==== THE DATA
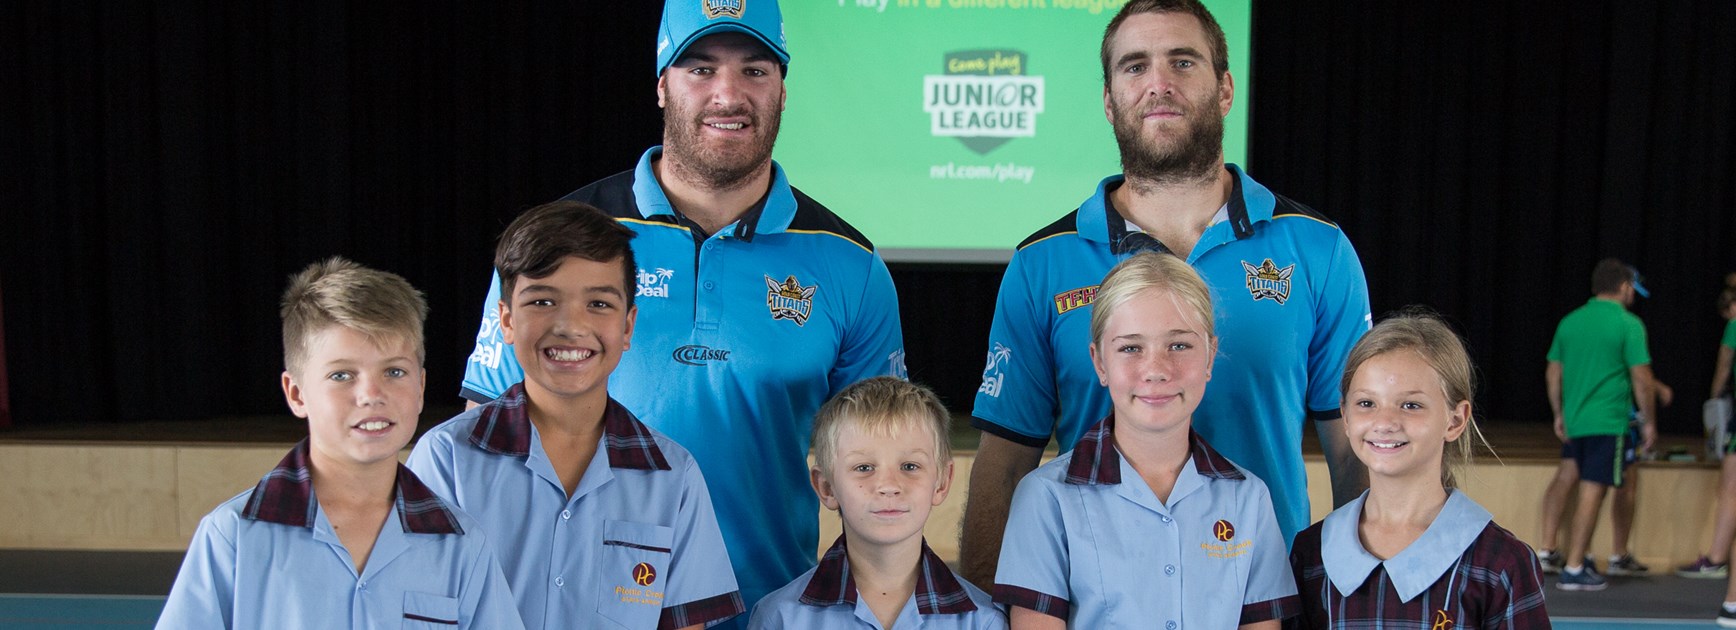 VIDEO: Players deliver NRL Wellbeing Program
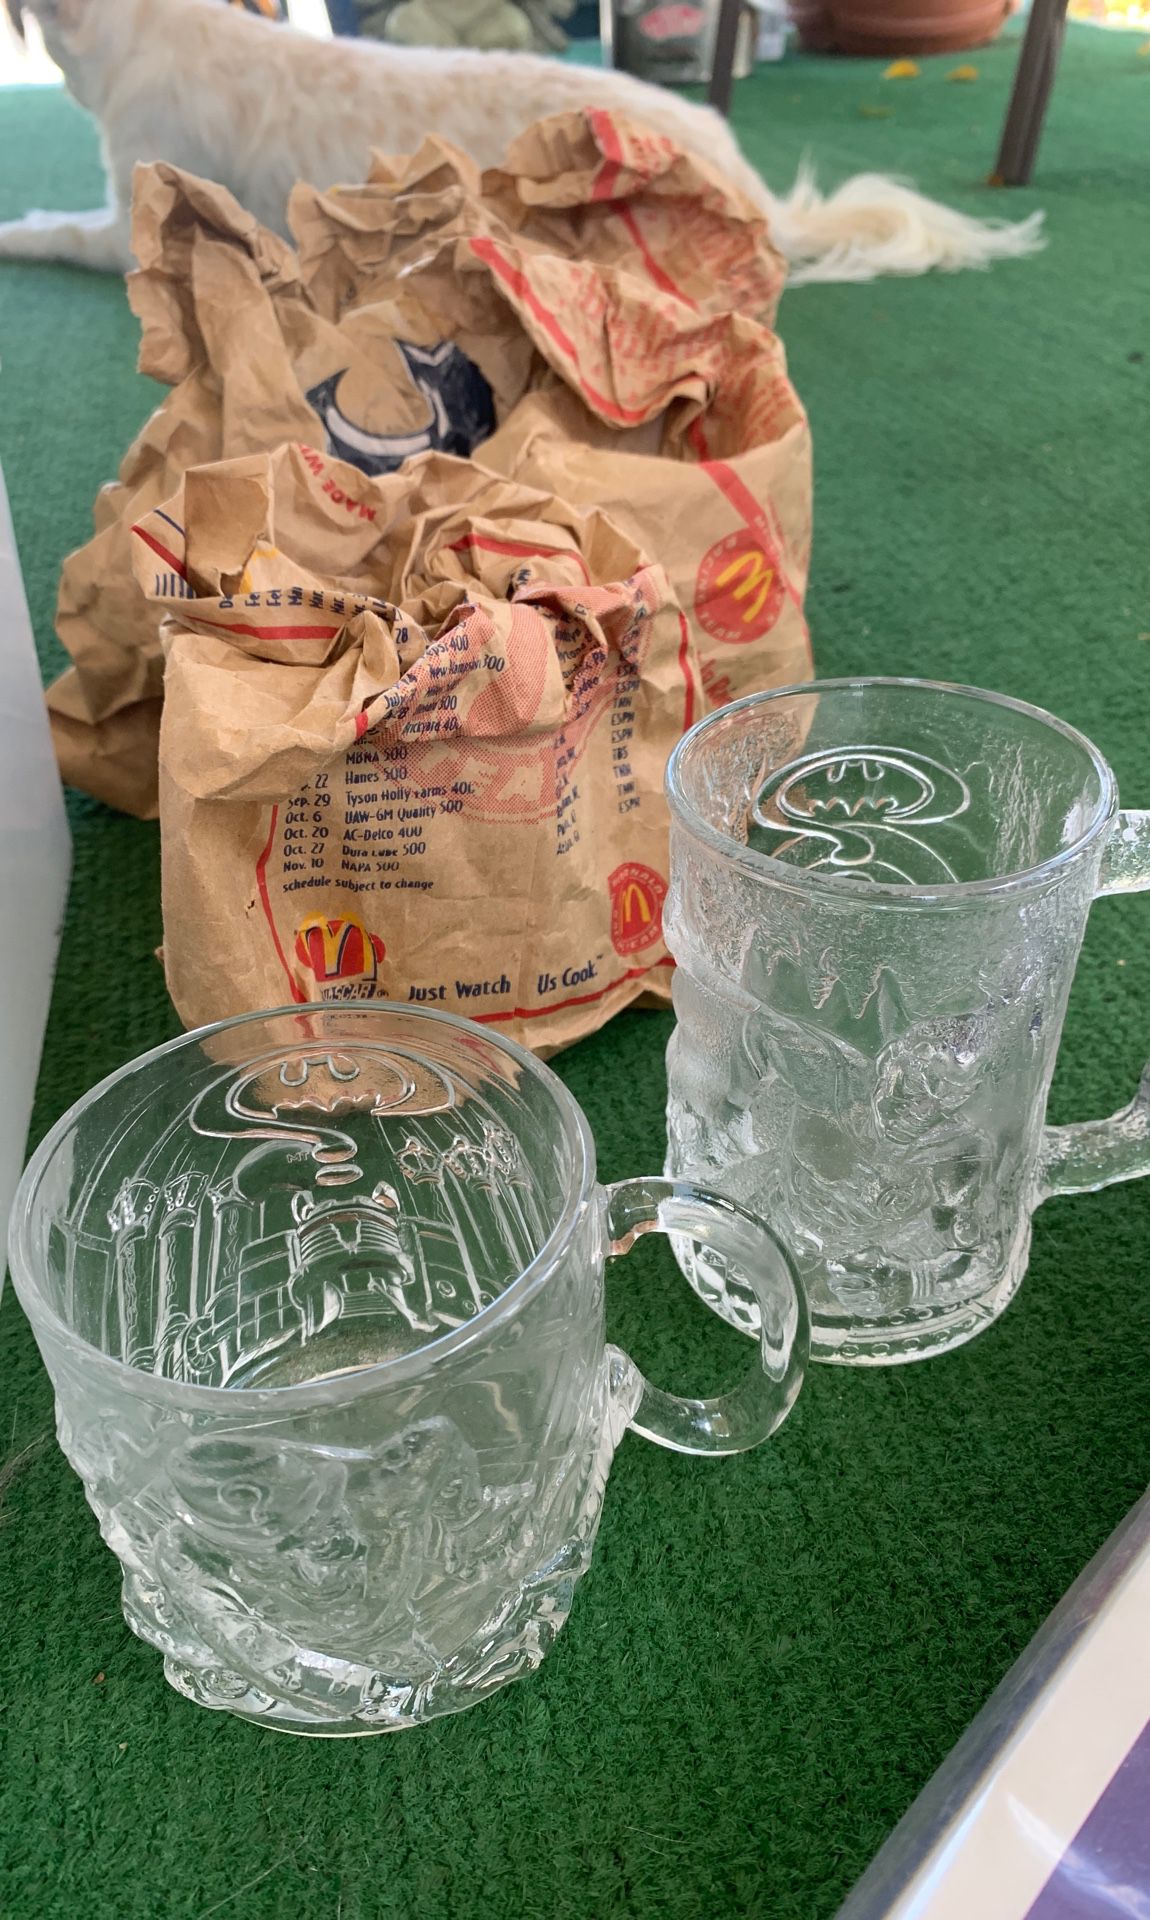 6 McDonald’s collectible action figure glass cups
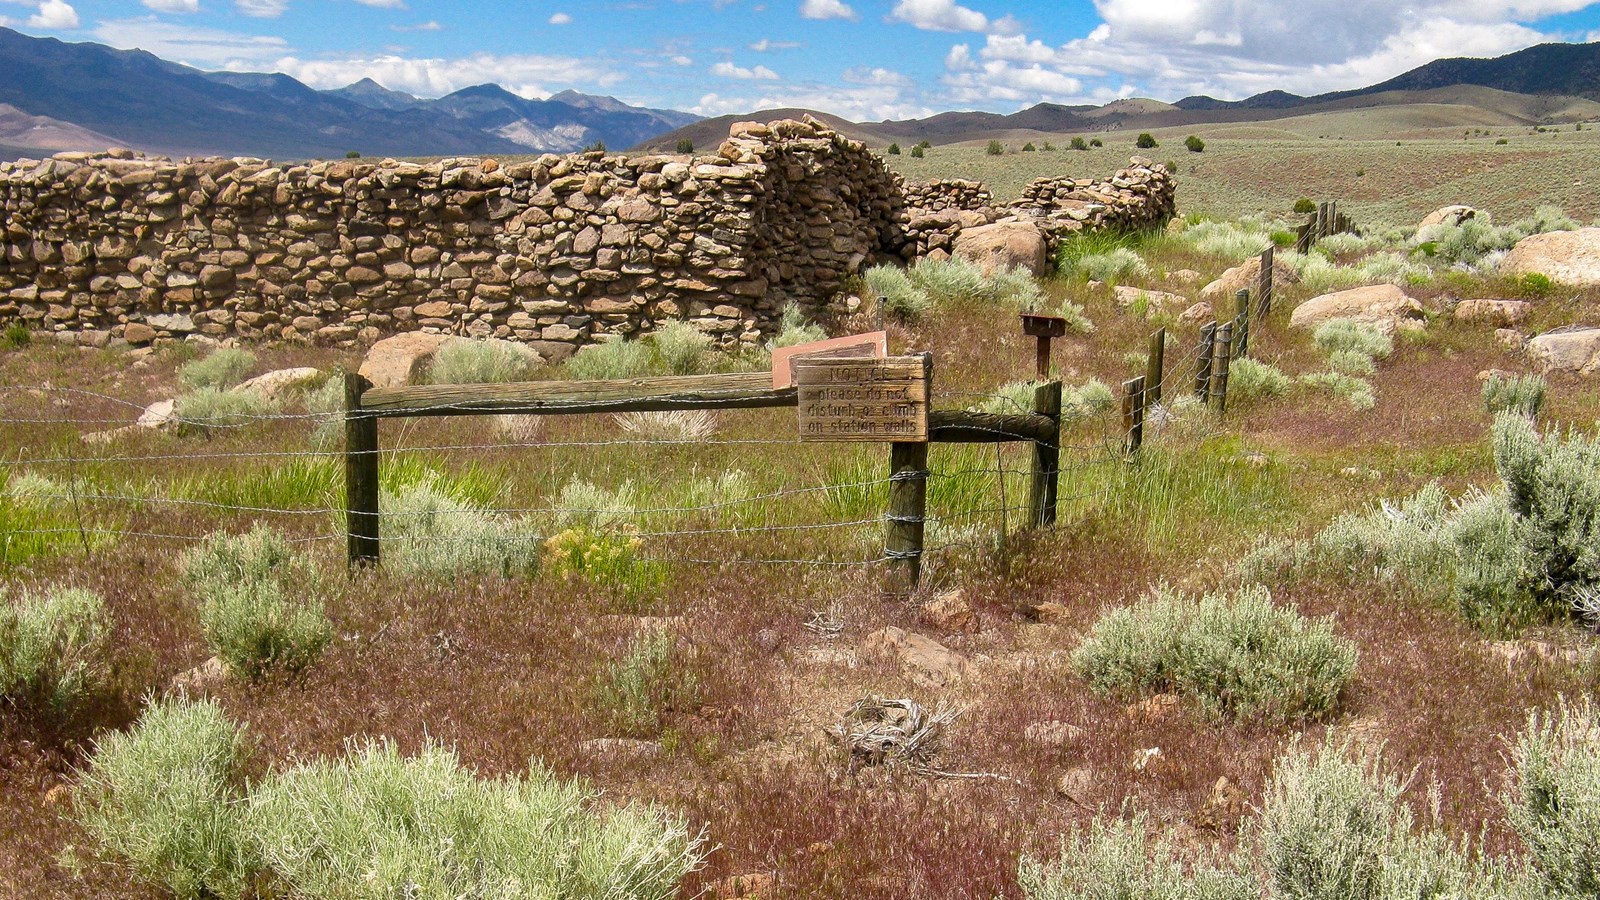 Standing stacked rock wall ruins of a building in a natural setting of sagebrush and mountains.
========
> _TASK STATEMENT_
All of the lines above should be retyped precisely, apart from the pictures.

> _SOLUTION TO THE PROBLEM_
 VIDEO: Players deliver NRL Wellbeing Program
 6 McDonald’s collectible action figure glass cups
 Standing stacked rock wall ruins of a building in a natural setting of sagebrush and mountains.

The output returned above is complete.